Cannelloni usually refers to rectangular pasta sheets that are rolled with a filling. However, sometimes the pasta dough is replaced with a cooked crepe, generally 8-10 cm (3-4 inches) in length and once rolled, 2 cm (1 inch) in diameter. After cooking the crepe (or boiling the pasta), it is typically filled with a savory stuffing which may include ricotta cheese, spinach, and various meats. It is then covered with a sauce, typically classic tomato or bechamel sauce, although many variations exist. Cannelloni is often confused with manicotti, the major difference being that manicotti are preshaped tubes. In Italian, cannelloni literally means "large reeds" , while manicotti means "sleeve". Although both terms are plural nouns in Italian, the English term is often construed as singular, particularly when used as the name of the dish. The term manicotti is more common in the United States, so the two terms have been used interchangeably.

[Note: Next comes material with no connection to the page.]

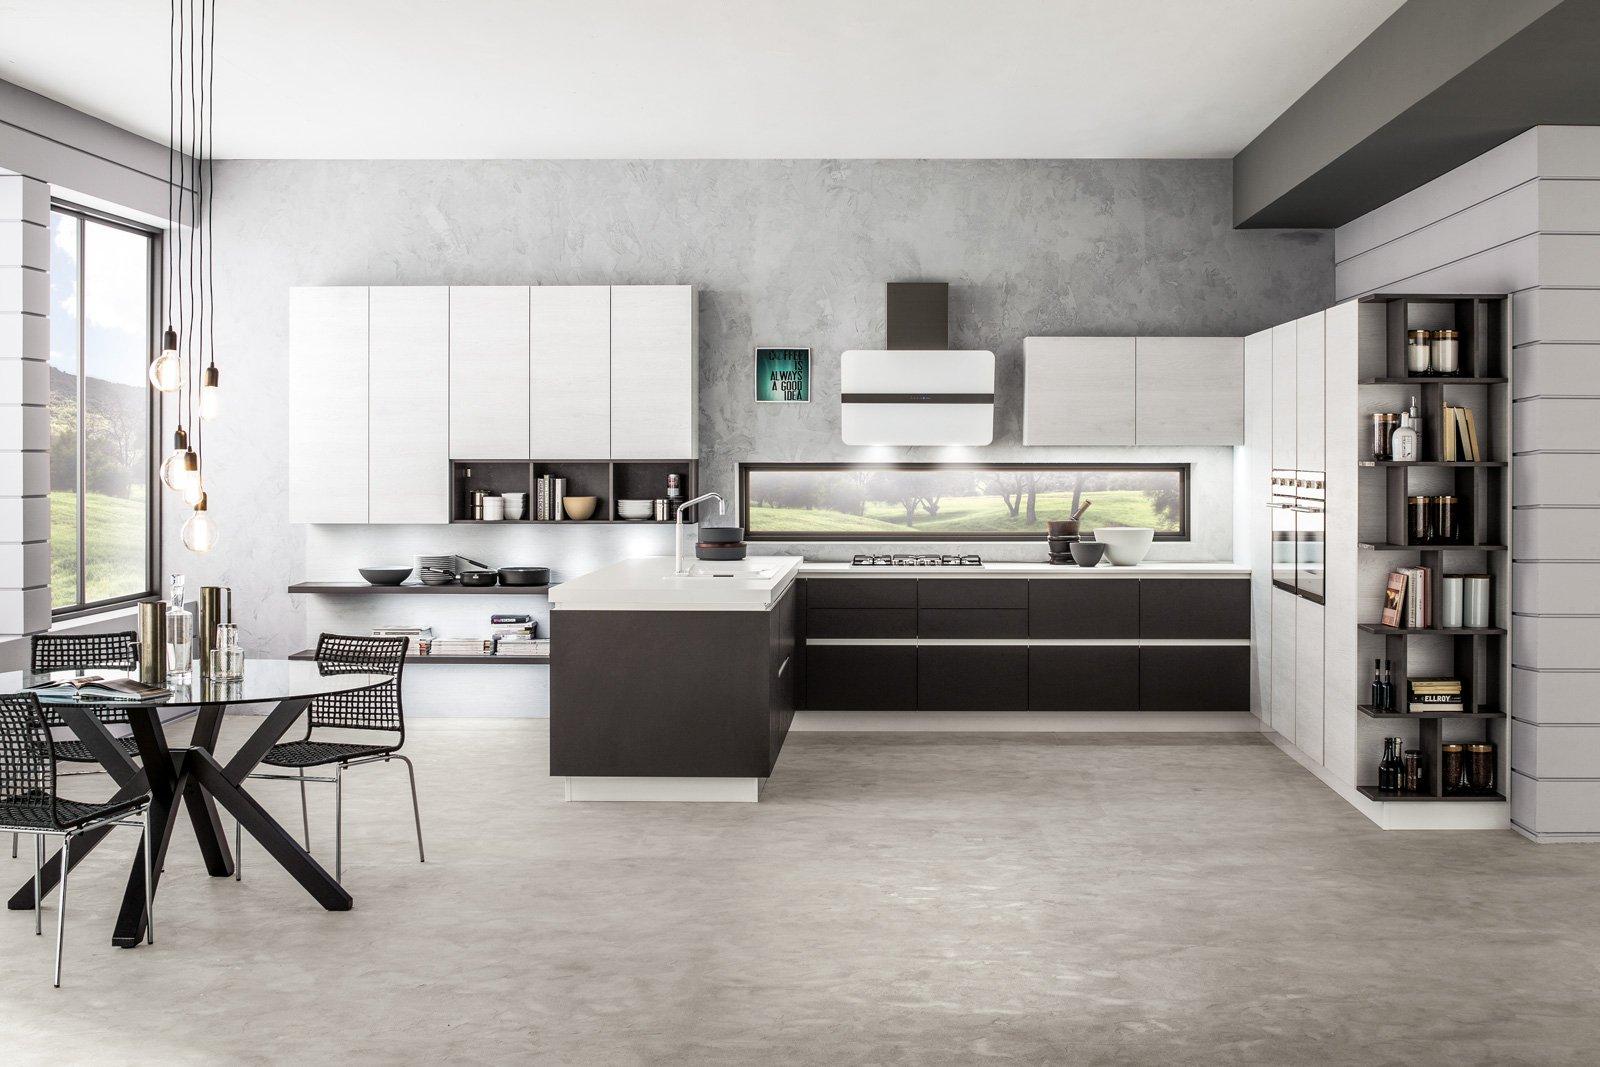 Cucine bicolore l 39 alternanza cromatica fa tendenza cose - Laminato in cucina ...

They were known as strascinati because the pasta was rolled and stretched by a rolling pin. They acquired a remarkable reputation along with the chef Nicola Federico (born in Naples July 2, 1891) who moved to Sorrento at a young age and married the young Sorrentina, Fortunata Scarpati (born December 26, 1901). Nicola worked in the restaurant for 31 years and became famous because of the Zeppole di San Giuseppe and the strascinati, which in the meantime had taken the name cannelloni.
During the Second World War, with many families moving to Sorrento from Naples to escape the bombings, the cannelloni experienced a boom and became the popular dish of the restaurant particularly on Sundays. It was recalled that 120 kg of pasta was prepared and completely consumed in one day.
The word Cannelloni, thanks to its amatory connotation, is a useful mnemonic aid to remembering the Canuleian Legislation passed in Rome in 445 BC, which allowed plebeians and patricians to intermarry.